Štefan Markulík

Personal information
- Date of birth: 17 October 1991 (age 34)
- Place of birth: Slovakia

Team information
- Current team: Železiarne Podbrezová (manager) Slovakia (assistant)

Managerial career
- Years: Team
- 2012–2013: Spišská Nová Ves (youth)
- 2013–2018: Frauenfeld (youth)
- 2019–2021: Spišská Nová Ves
- 2024–: Železiarne Podbrezová

= Štefan Markulík =

Slovak football manager (born 1991)

Štefan Markulík (born 17 October 1991) is a Slovak professional football manager who manages Železiarne Podbrezová. He also serves as the assistant coach for the Slovakia national team.

==Early life==
Markulík was born on 17 October 1991 in Slovakia and is a native of Spiš, Slovakia.
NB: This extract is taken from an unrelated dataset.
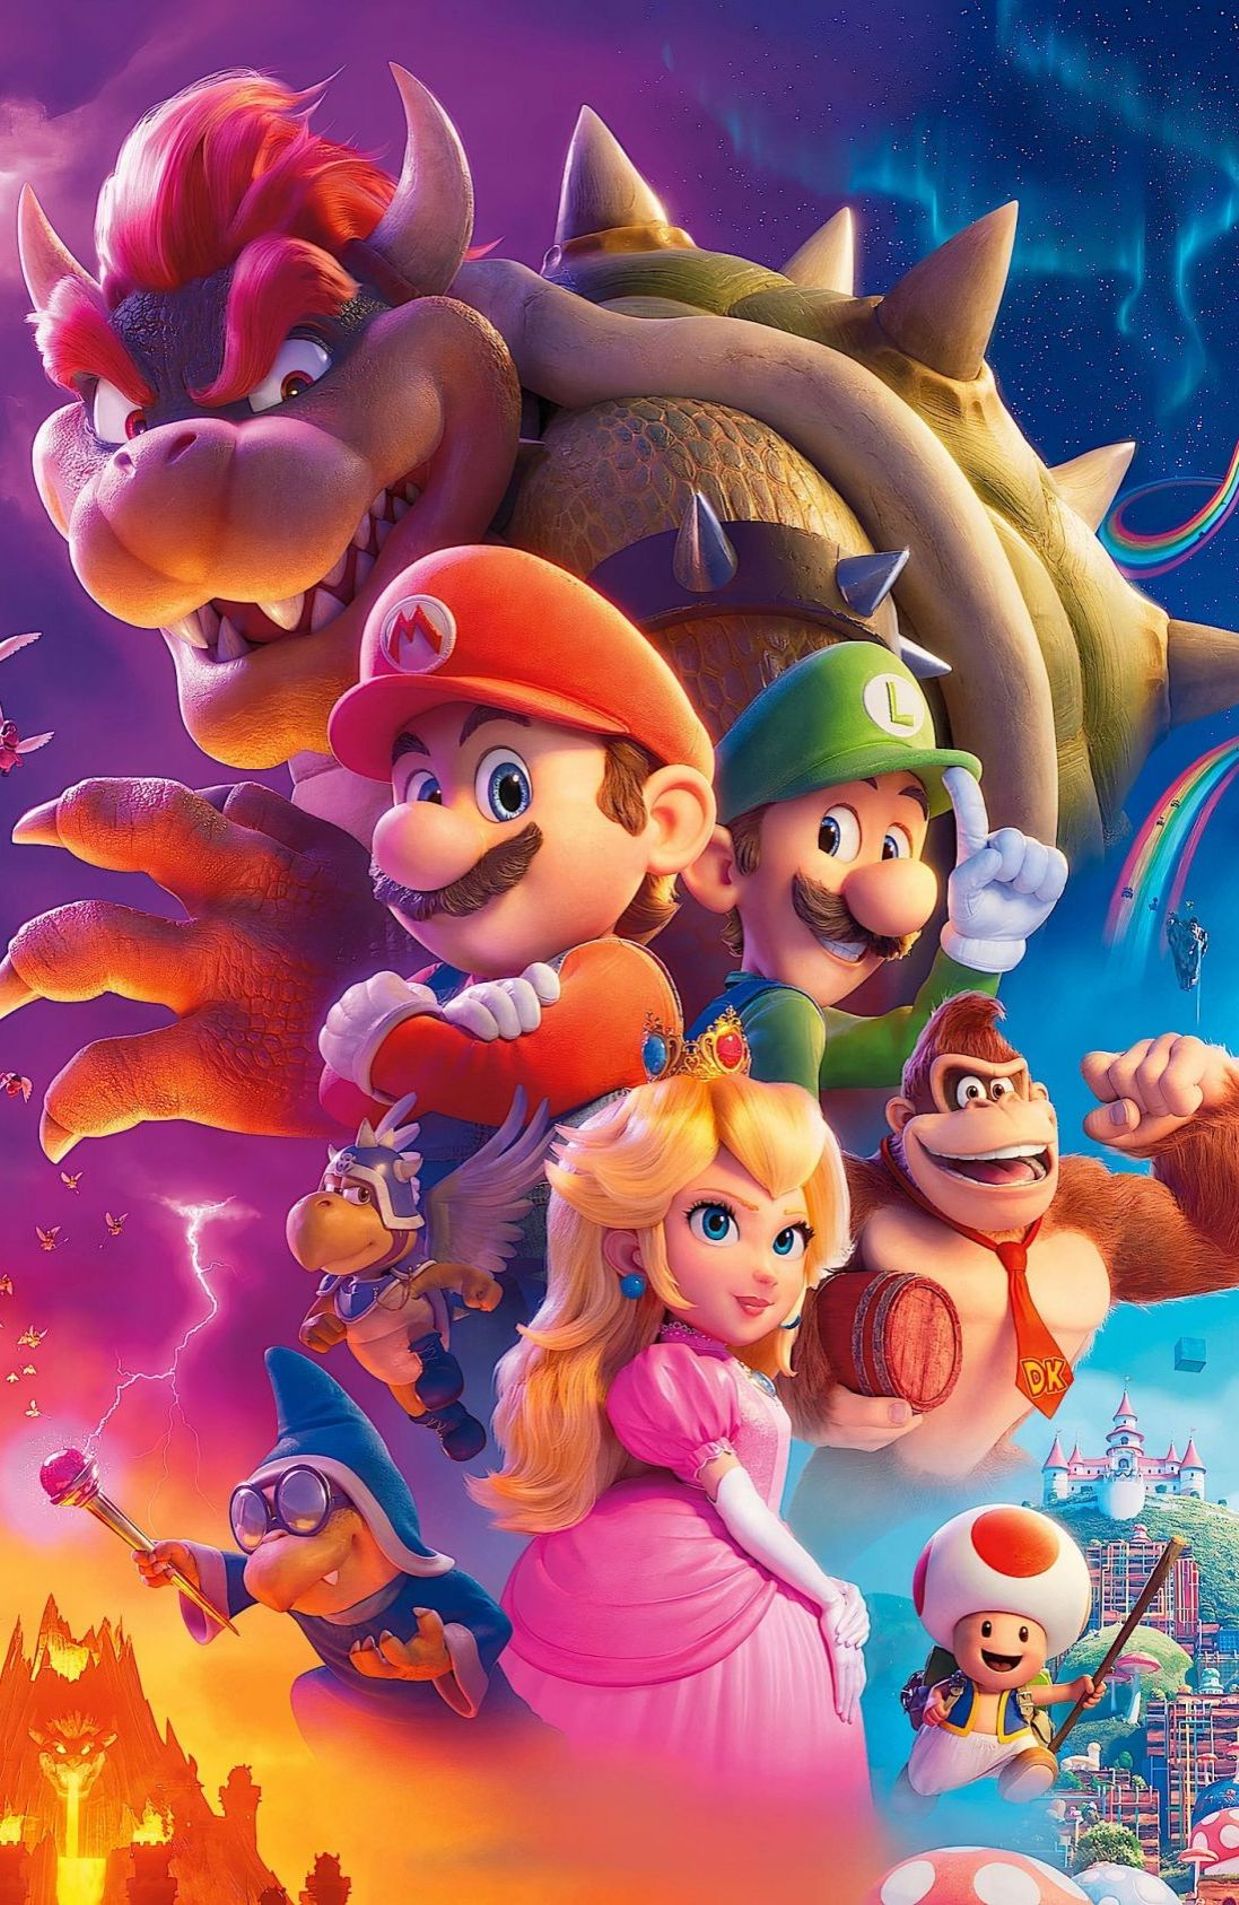 Super Mario Bros, le film: le héros du jeu vidéo débarque sur

Growing up, he attended Košice Sports School in Slovakia and then the University of Prešov in Slovakia.

== Managerial career ==
Markulík started his managerial career as a youth manager of Slovak side Spišská Nová Ves in 2012. In 2013, he was appointed as a youth manager of Swiss side Frauenfeld. Five years later, he returned to Spišská Nová Ves as an assistant manager, before being promoted to head coach of the club in 2019.
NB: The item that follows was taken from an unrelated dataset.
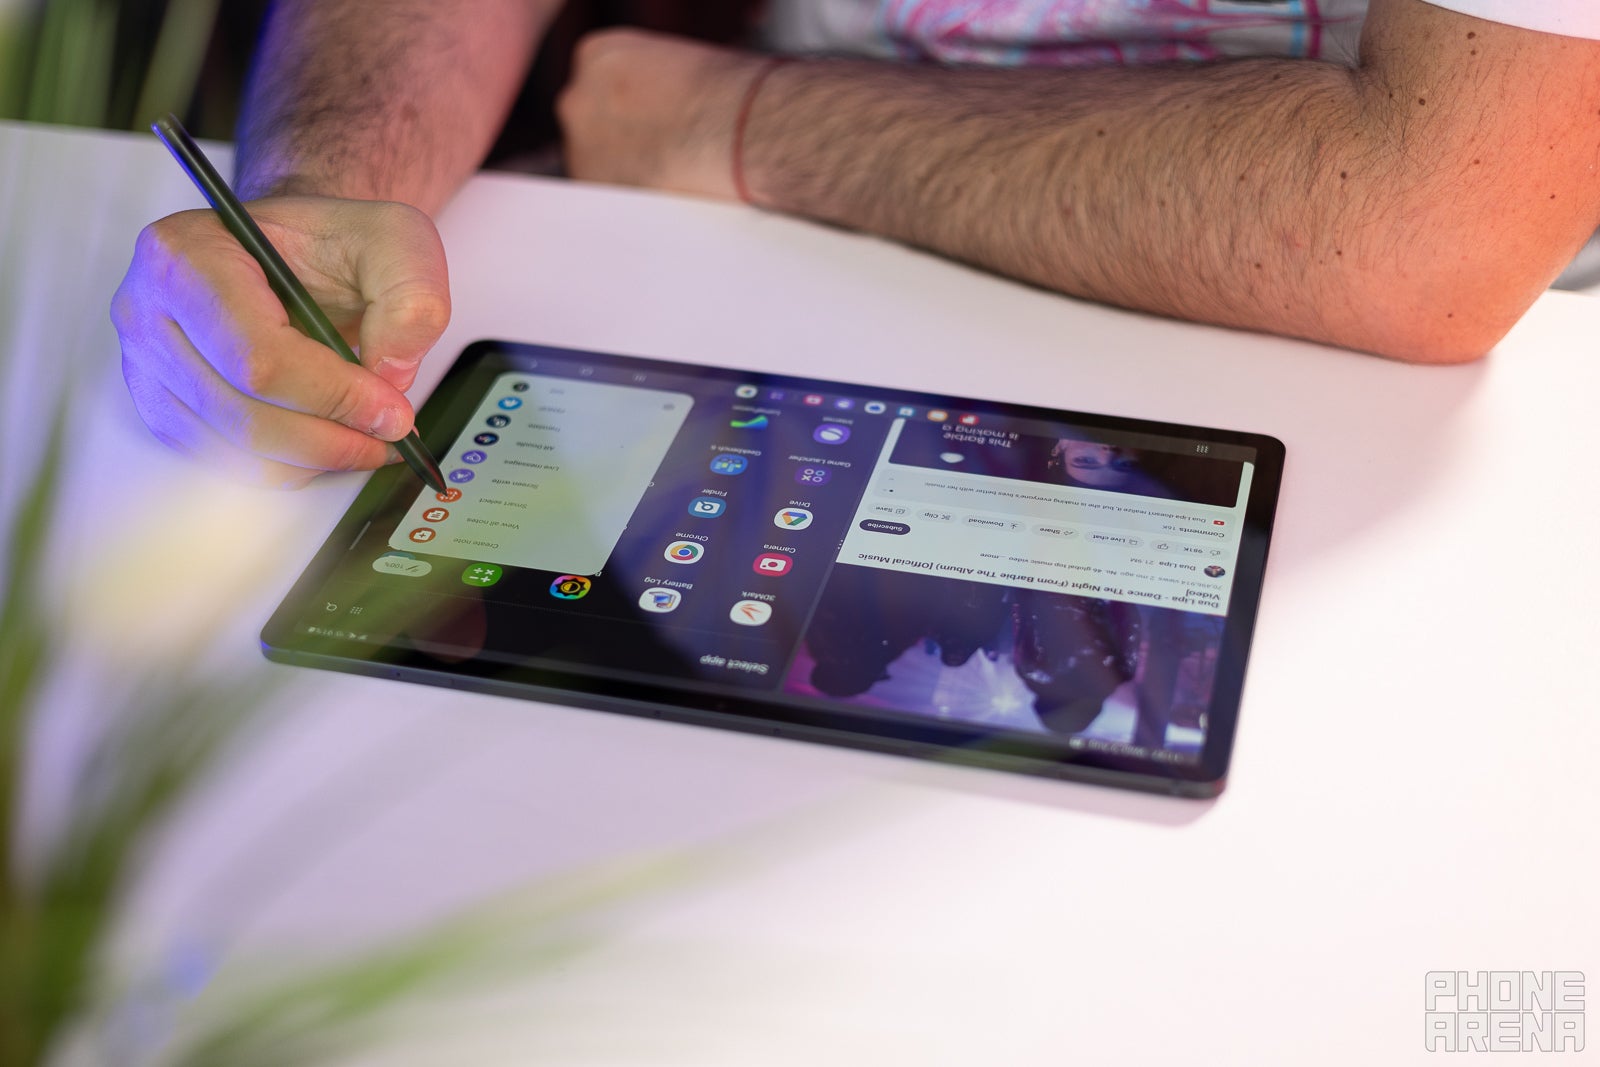 Samsung's new Galaxy Tab S9 series beats the iPad in two major ways

Following his stint there, he was appointed as an assistant manager of Slovak side Železiarne Podbrezová in 2021. During his 2021–22 season, he helped the club achieve promotion from the second tier to the top flight. Two seasons later, he helped them reach the semi-finals of the 2023–24 Slovak Cup and achieve fifth place in the league. Subsequently, he was promoted to their head coach in 2024.